Глаза мои округлились. Ничего себе — лексика у преподавателя!

— Ну что? Тебе повторить, или и так все ясно?

— Не надо, я поняла. Разрешите пересдать пропуски, — продолжила мычать я, сама не замечая, как его веселый и одновременно не лишенный агрессии напор увлекает меня, и правила его игры подсознательно принимаются.

— Правильно мыслишь. Я отпускаю тебя. Вставай, — внезапно хватка ослабла, и я ощутила пьянящую свободу. Она была замешана не только на радости вновь двигать руками-ногами. Нет. Это было нечто большее — свобода от отпускающей депрессии. Четкое осознание того, что я буду жить. Я смогу, я хочу этого!

— Ну? Что смотришь? А где твое: "Здравствуйте, Вадим Робертович"? — насмешливо глядя с высоты своего богатырского роста, заявил мой спаситель, скрещивая руки на груди.

— Здра… здравствуйте, Вадим Робертович…

— А с друзьями у нас, скорбных главой, здороваться, значит, не принято, да? — не унимался он. В ответ на его колкости раздались сдавленные смешки соседок, более не опасавшихся своего нежданного сообщника и глядевших на него с немым обожанием в глазах. Ярослав, все еще не оправившийся от шока, лишь обреченно вздохнул и виновато посмотрел на меня — дескать, что я могу сделать, ну такой он, зато и результат есть.

— Э-э-м-м…. Привет всем, — прокашлявшись, выдавила из себя я.

— Что-то радости в голосе маловато. Или, может быть, ты не считаешь нас своими друзьями? Черт со мной — но вот эти девчонки и пацан… — Яр, также попавший под маскулинное обаяние Вадима Робертовича, стыдливо покрылся нервным румянцем. — Вот они возились с тобой несколько месяцев и подтирали сопли, пока ты изображала из себя живой труп.

— Я не изображала! — возмутилась я.

— Покричи мне еще, — чуть наклонившись ко мне, Вадим Робертович одними глазами показал, где я могу оказаться в случае слишком уж громкого бунта. Вариант был уже опробованным — кровать, лицом в матрац.

Меня подобный сценарий не вдохновил.

— Я не кричу. Но и вы… прекратите меня унижать.

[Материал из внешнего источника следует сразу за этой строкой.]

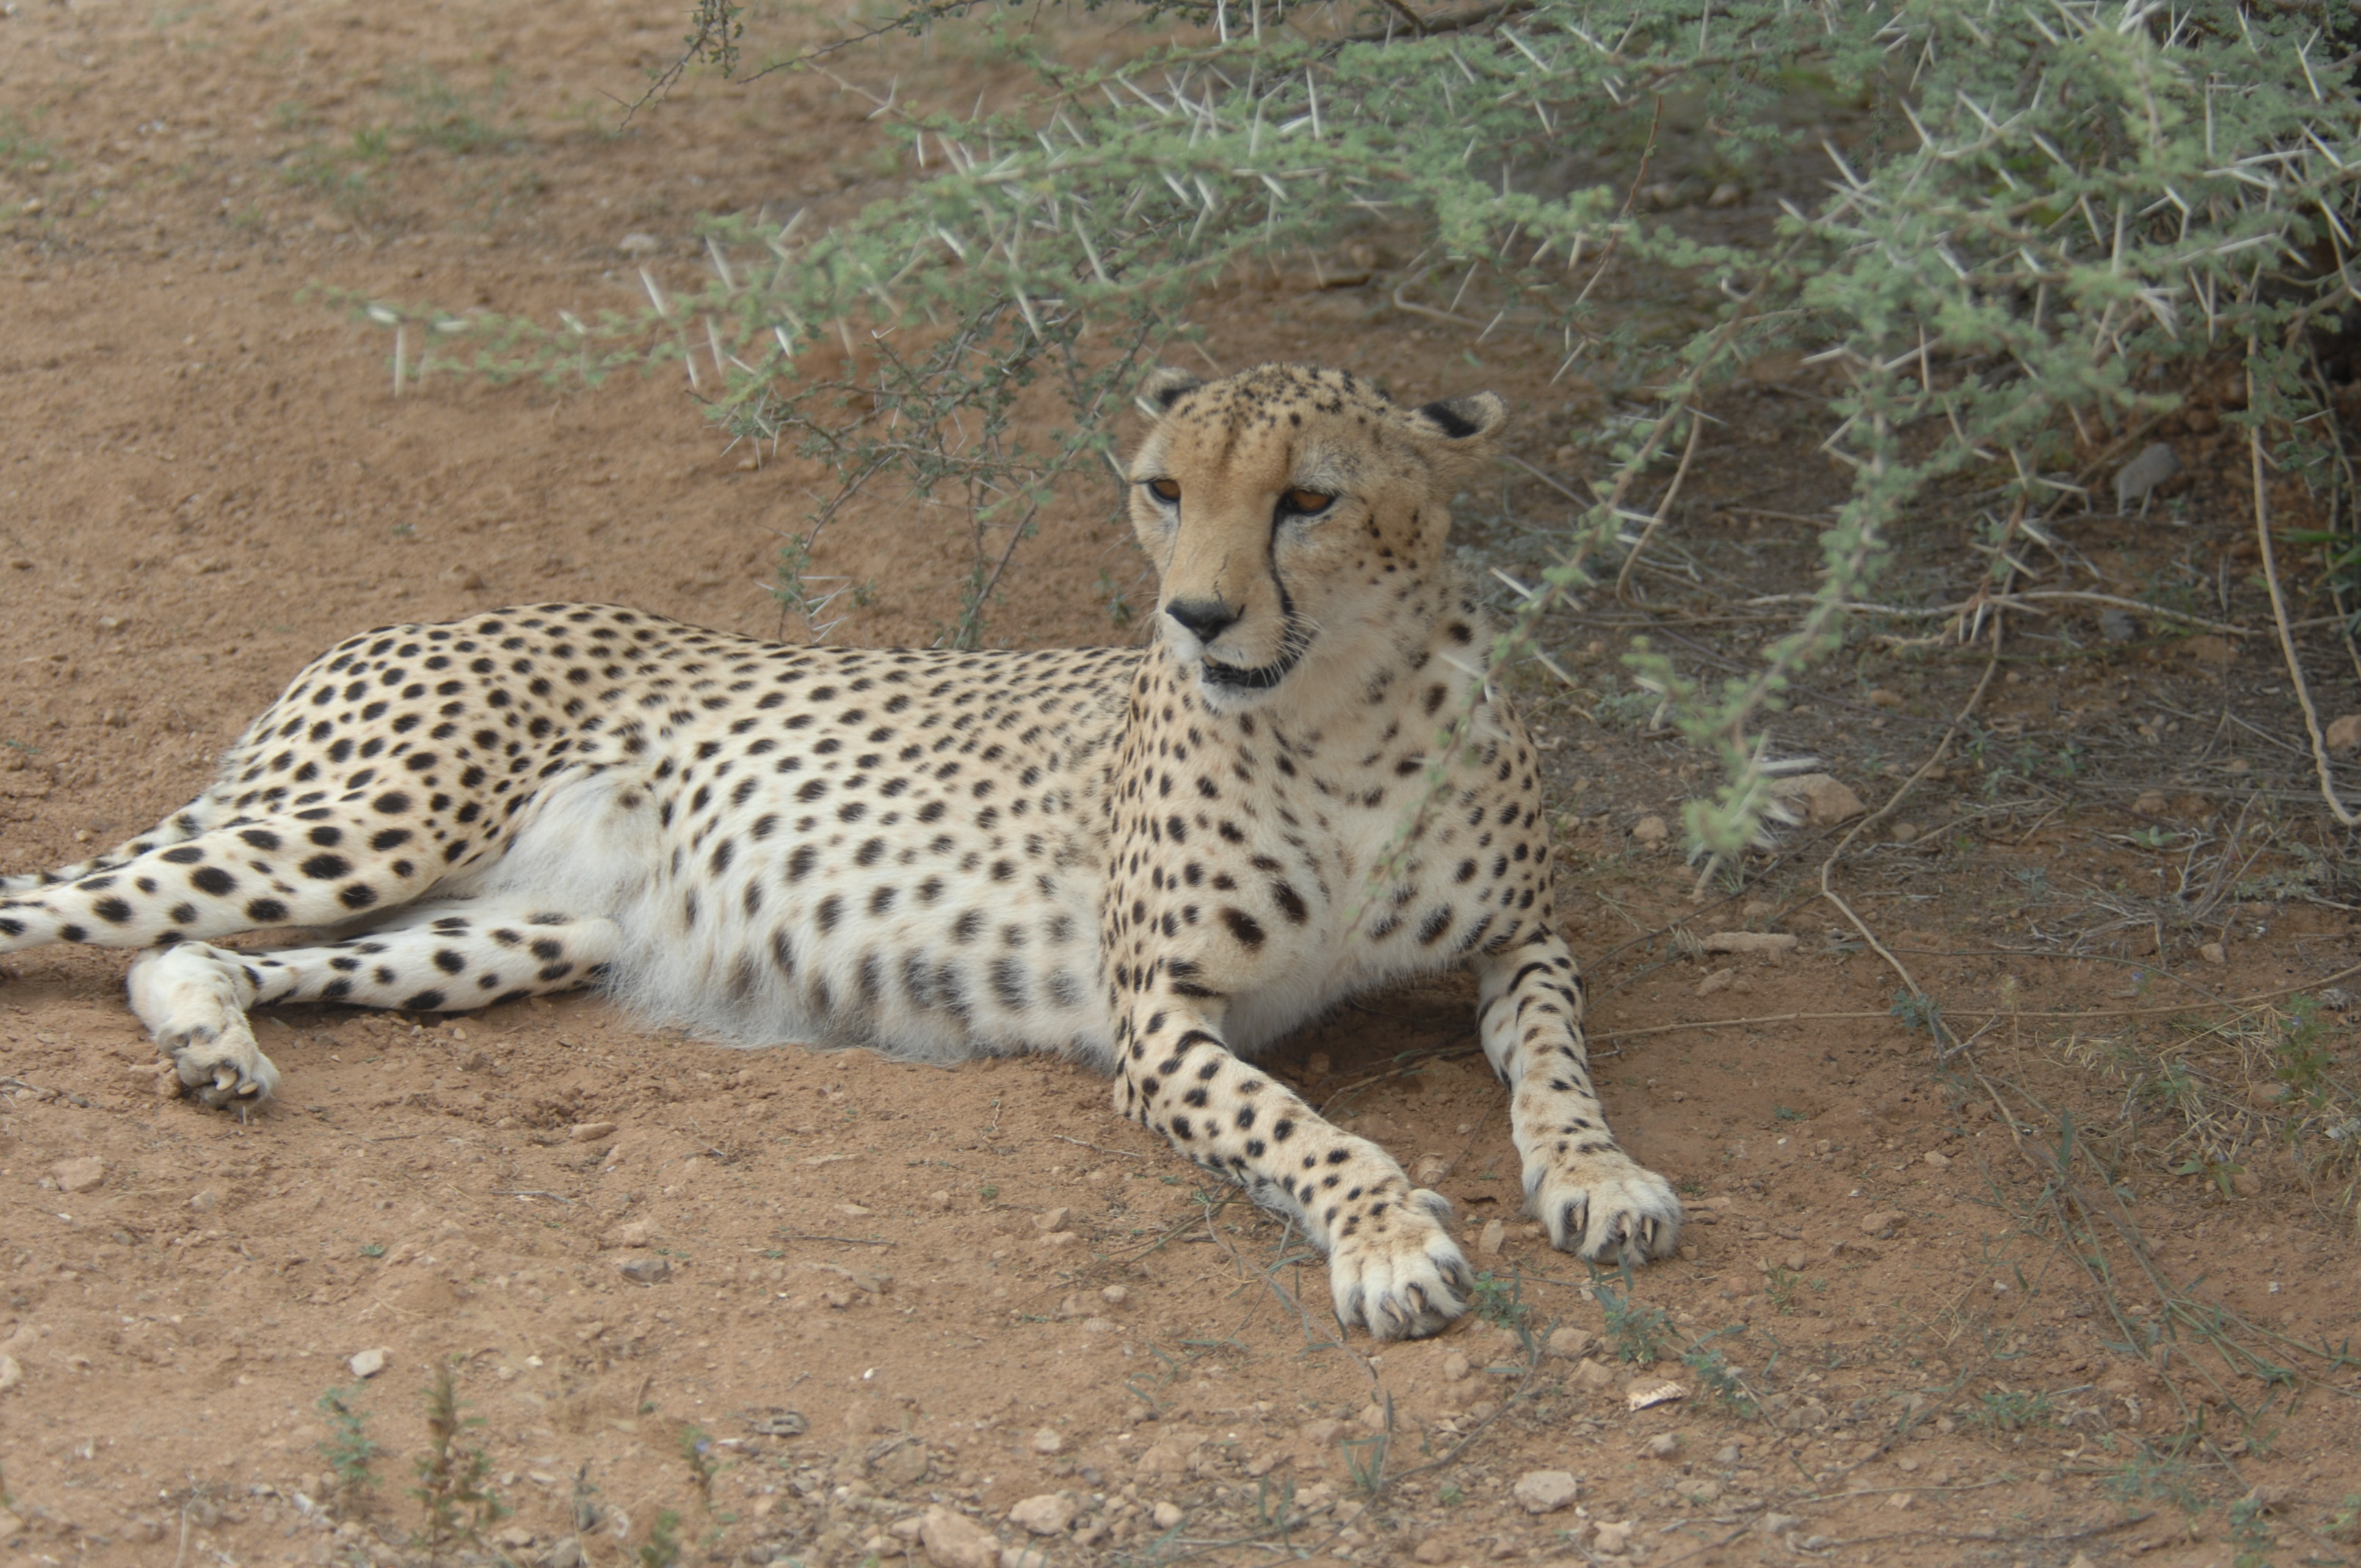 North African cheetah. Image credit: Sgt. Joe Zuccaro, Creative Commons

— А то что? — вроде бы безобидно понижая голос, переспросил он.

Я не нашлась, что ответить.

— Послушай меня внимательно, Подбельская. Я, конечно, рад, что ты мнишь себя сложной творческой личностью и страдаешь разными кризисами. Но это интересно всего раз. Если надумаешь повторить — это будет смотреться как дешевый спектакль. И на твоем месте я бы спустился немного на Землю и поблагодарил их, — он ткнул пальцем в Яра и девочек. — За всё. Потому что только люди, которым на тебя действительно не плевать, могли оставаться все время рядом. Три месяца или сколько ты там киснешь.

— Я не кисну! — вспыхнула я, но тут же осеклась, остановленная его взглядом.

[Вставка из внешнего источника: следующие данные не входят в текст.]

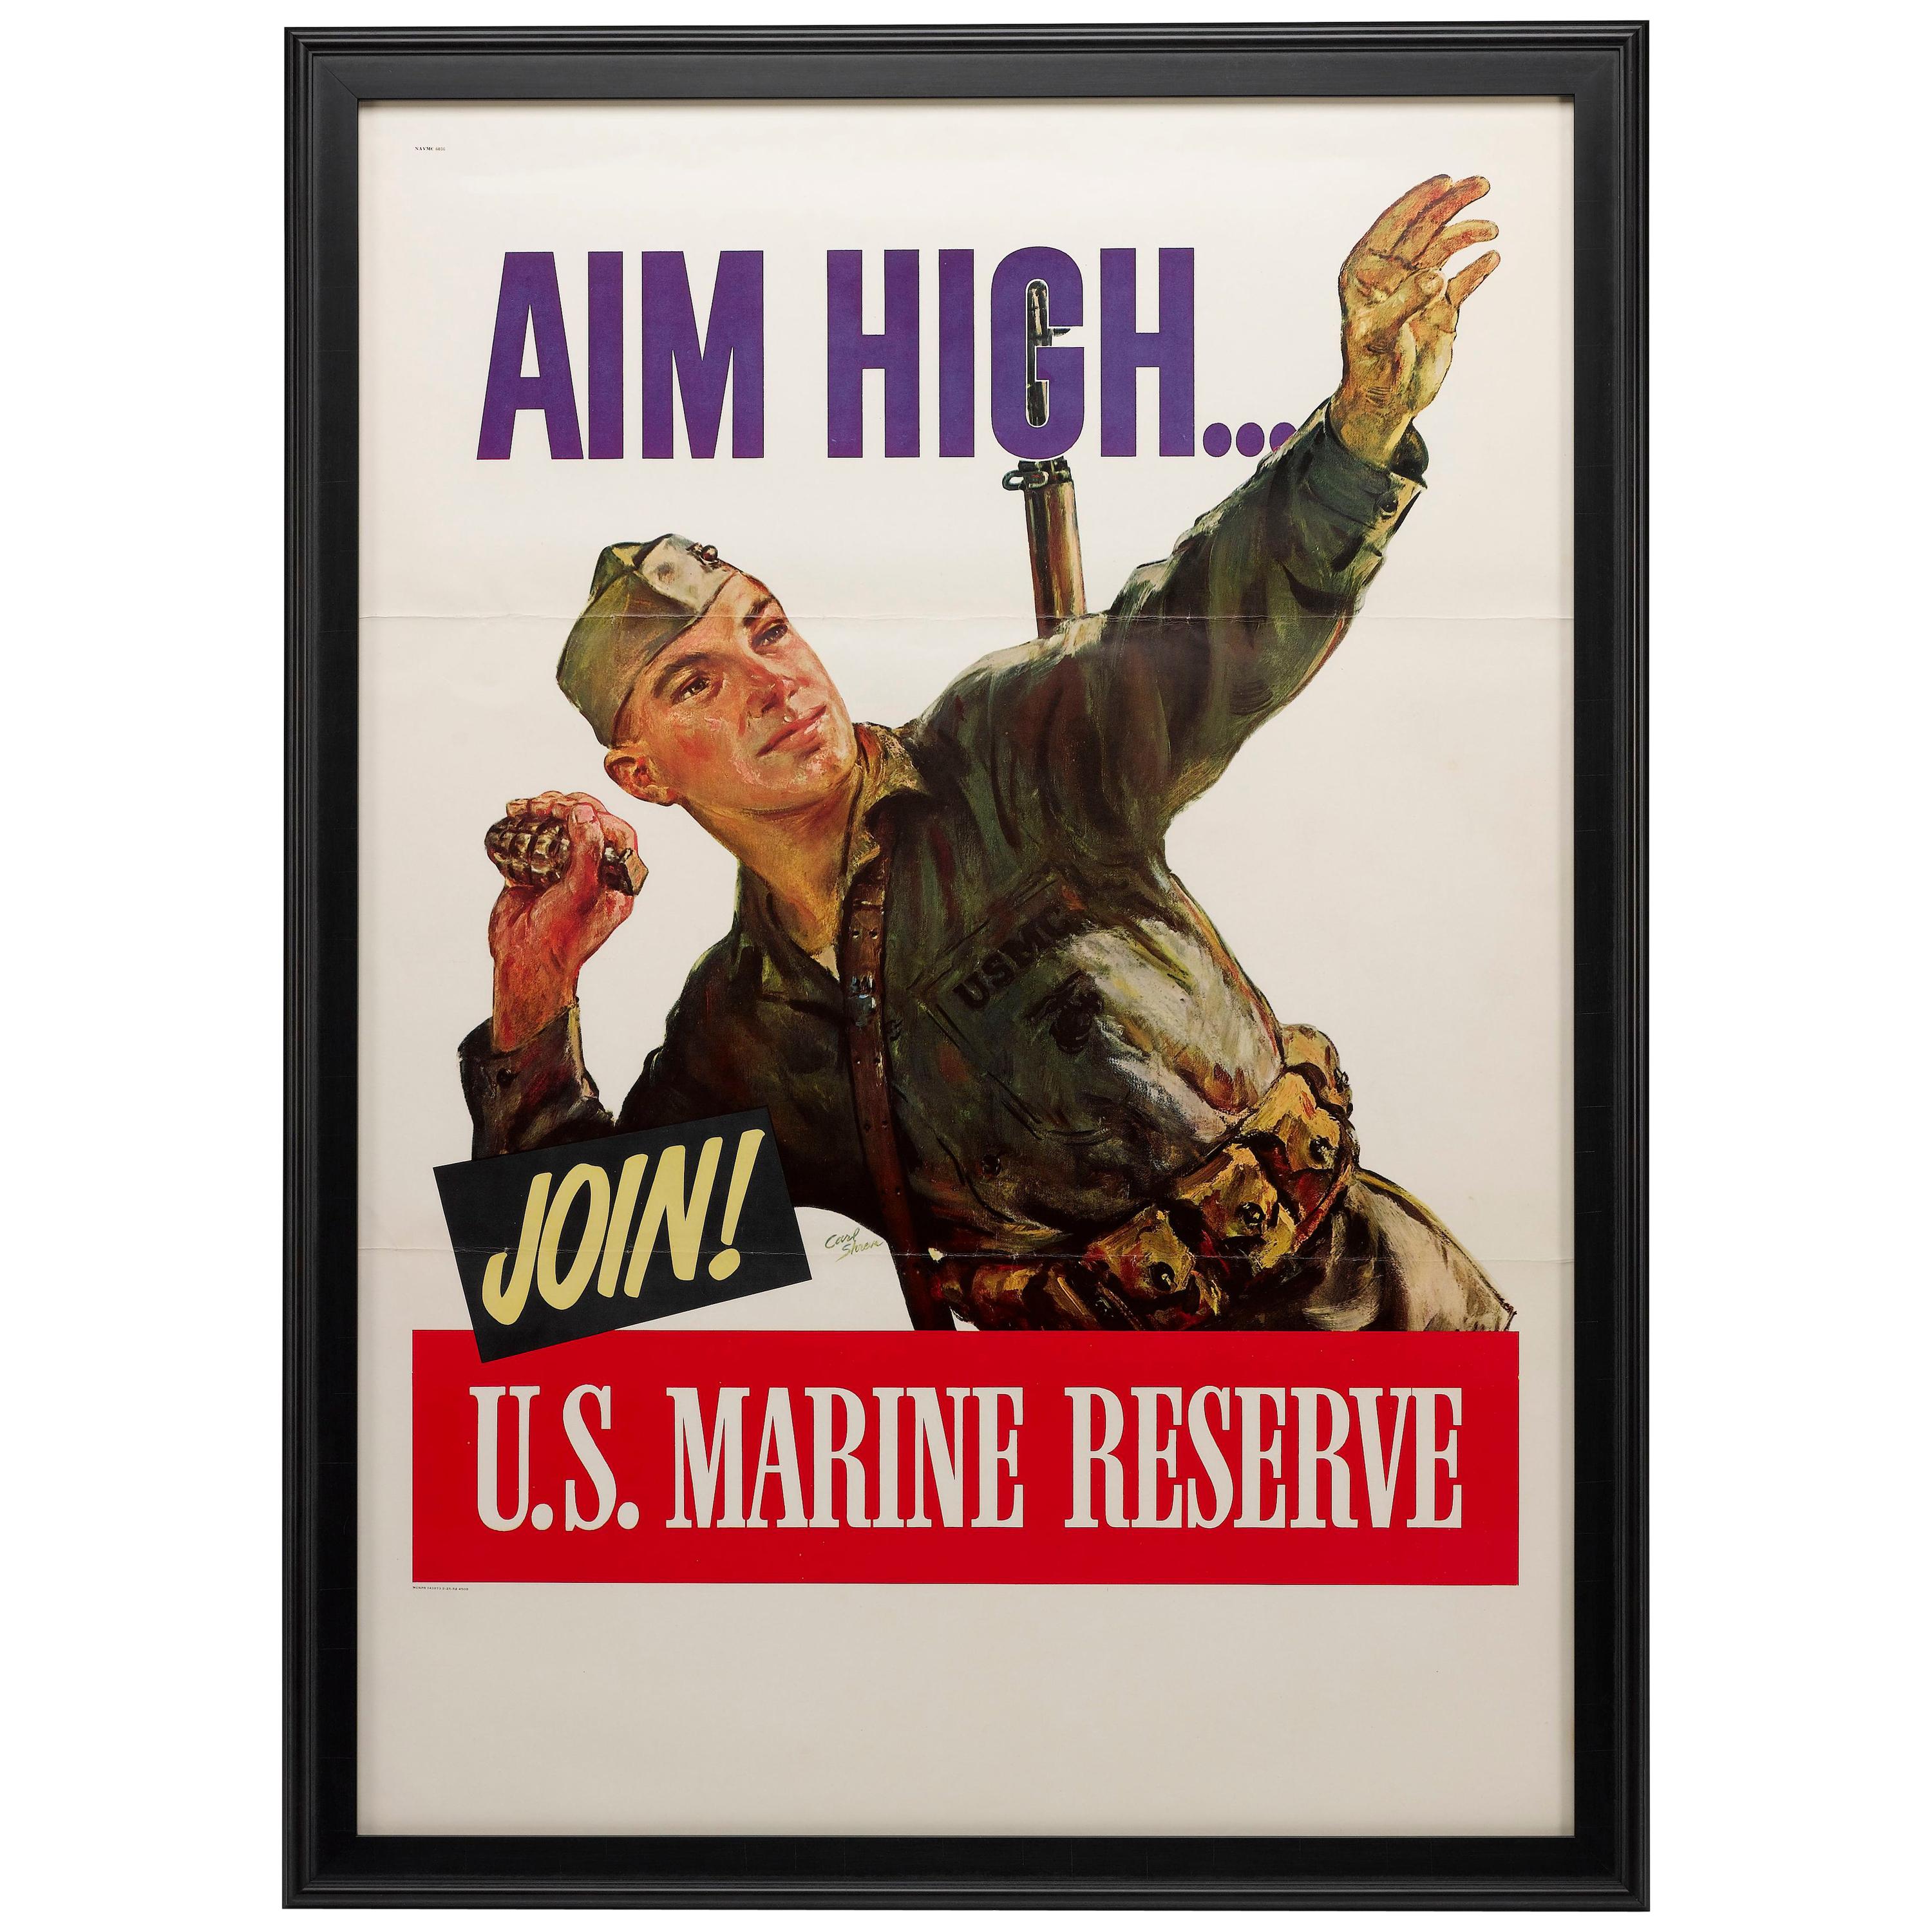 U.S. Marine Reserve WWII Poster, by Carl Shreve

— На будущее запомни — я не люблю, когда меня перебивают. Так вот, три месяца — это небольшой срок, но для вас, сопляков, он что-то да значит. Поэтому — сними корону и прекращай фыркать на себе подобных. Я видал тебя на потоке. Потенциал есть, не спорю. Но ненужного апломба — еще больше. С чего ты решила, что лучше остальных, сложная творческая личность? Что такого гениального ты сотворила? Ну, просидела три месяца в одной позе на кровати — это, по-твоему, доказательство таланта?